**Dataset content:**
■ ■ ■ ■ ■ ■ ■

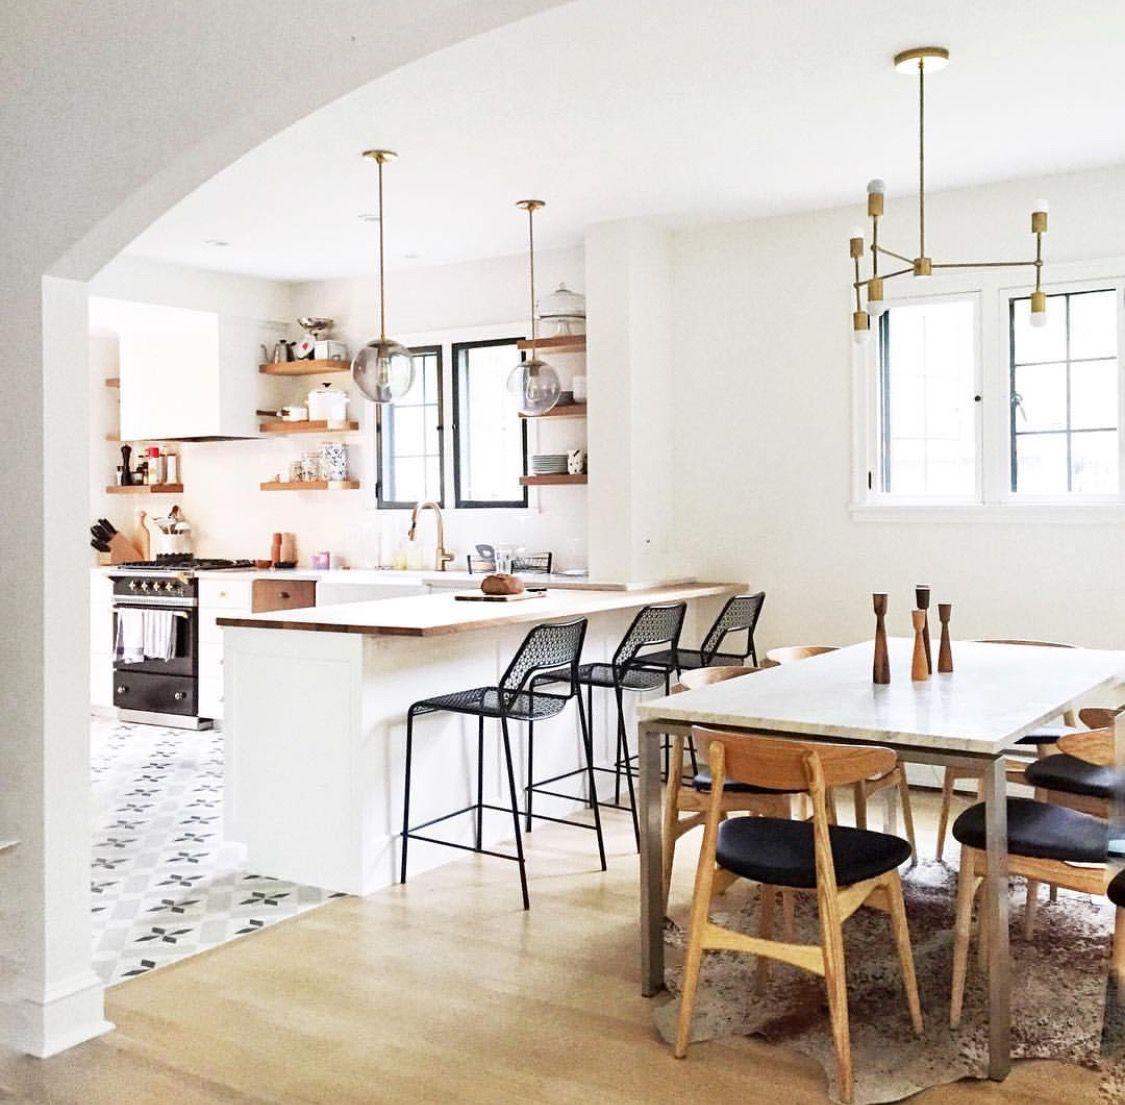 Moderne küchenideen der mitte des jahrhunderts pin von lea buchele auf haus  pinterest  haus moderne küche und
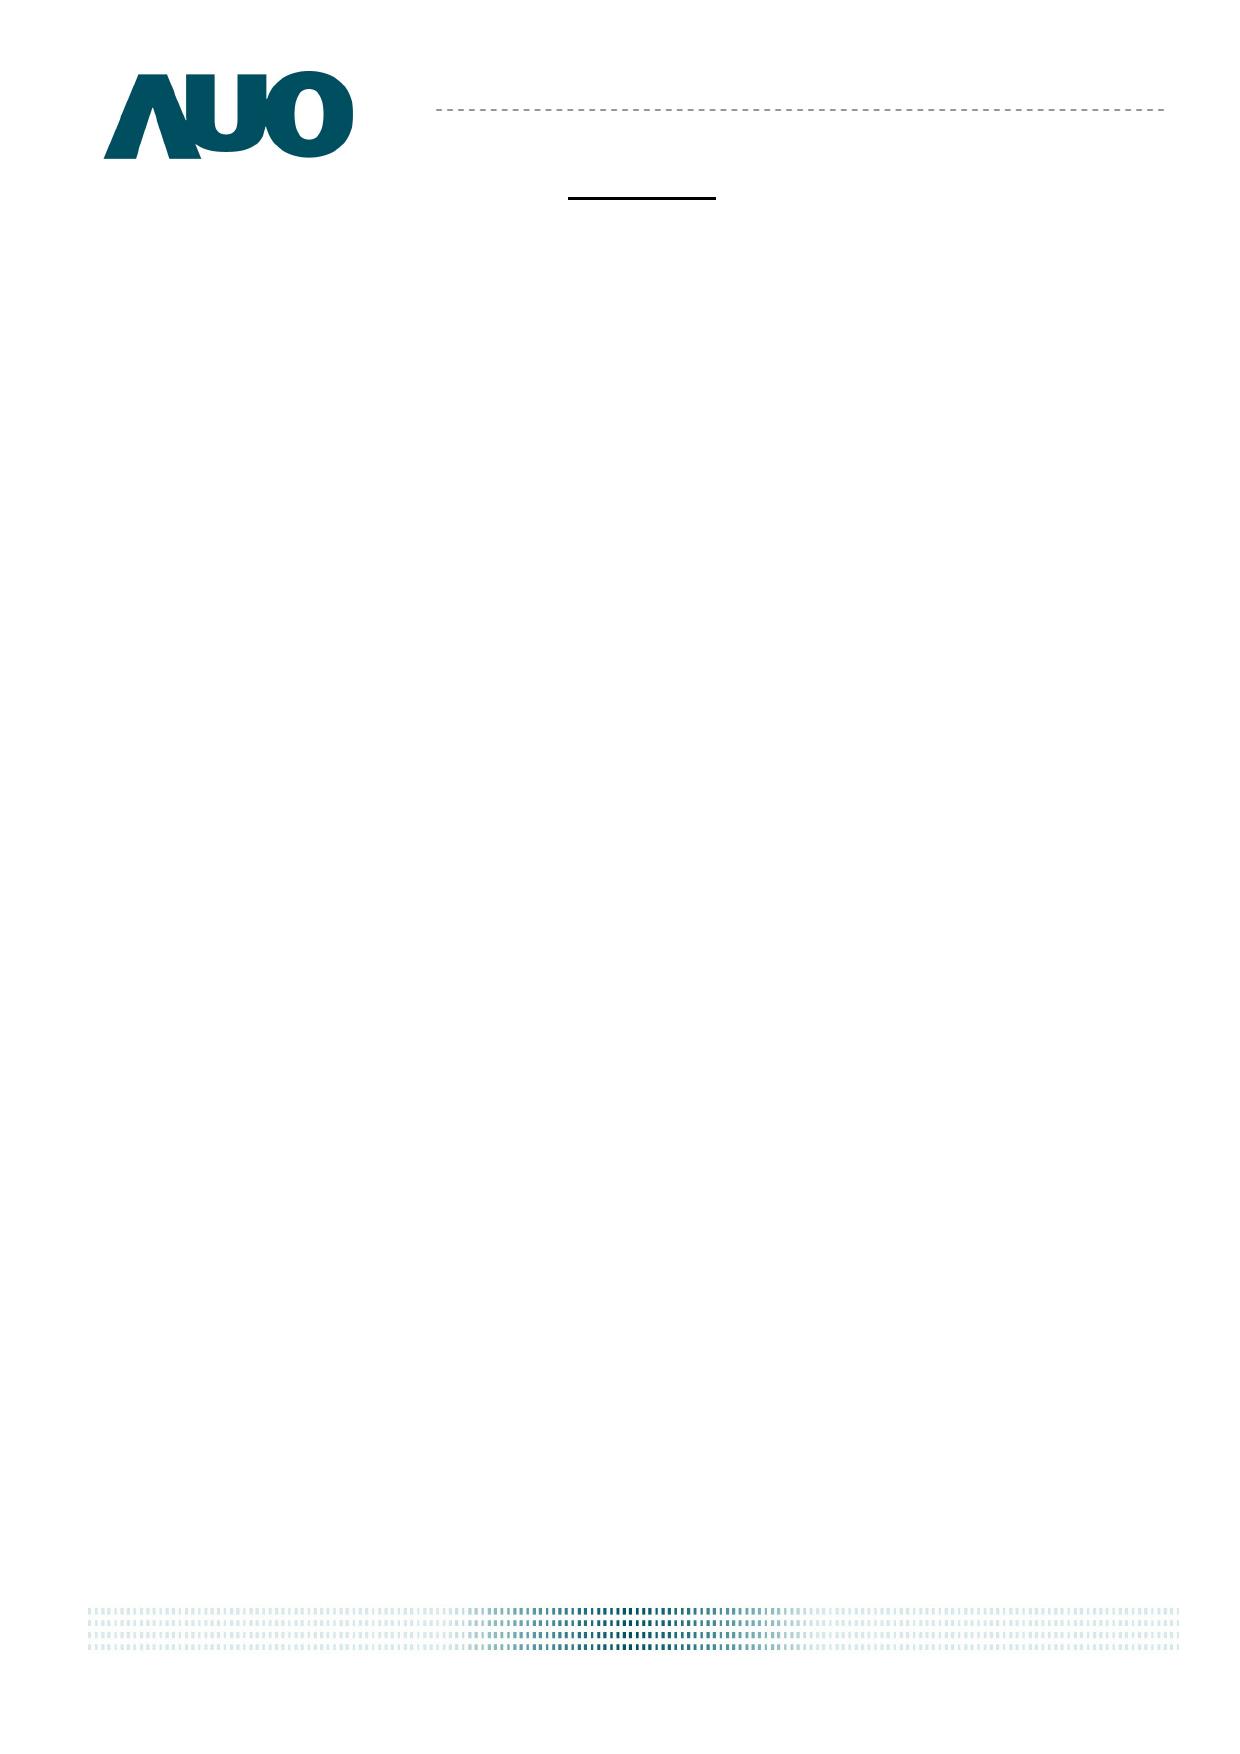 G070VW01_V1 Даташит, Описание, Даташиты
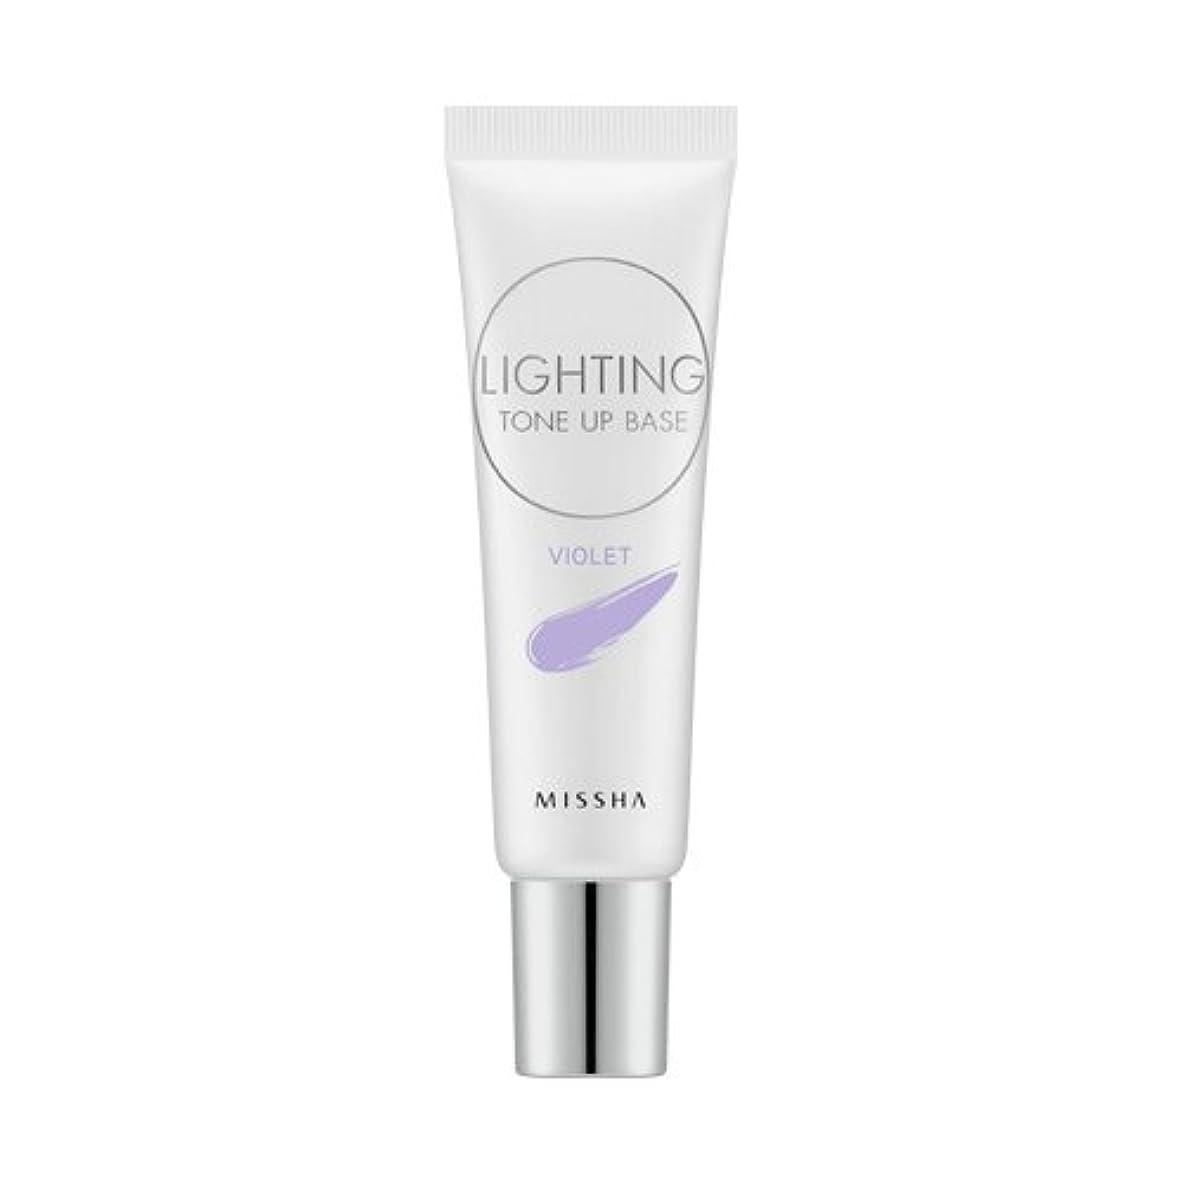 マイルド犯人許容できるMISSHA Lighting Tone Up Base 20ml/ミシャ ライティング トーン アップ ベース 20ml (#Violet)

■ ■ ■ ■ ■ ■ ■

Repeat the data above exactly, images excluded.

 Moderne küchenideen der mitte des jahrhunderts pin von lea buchele auf haus  pinterest  haus moderne küche und
 G070VW01_V1 Даташит, Описание, Даташиты
 マイルド犯人許容できるMISSHA Lighting Tone Up Base 20ml/ミシャ ライティング トーン アップ ベース 20ml (#Violet)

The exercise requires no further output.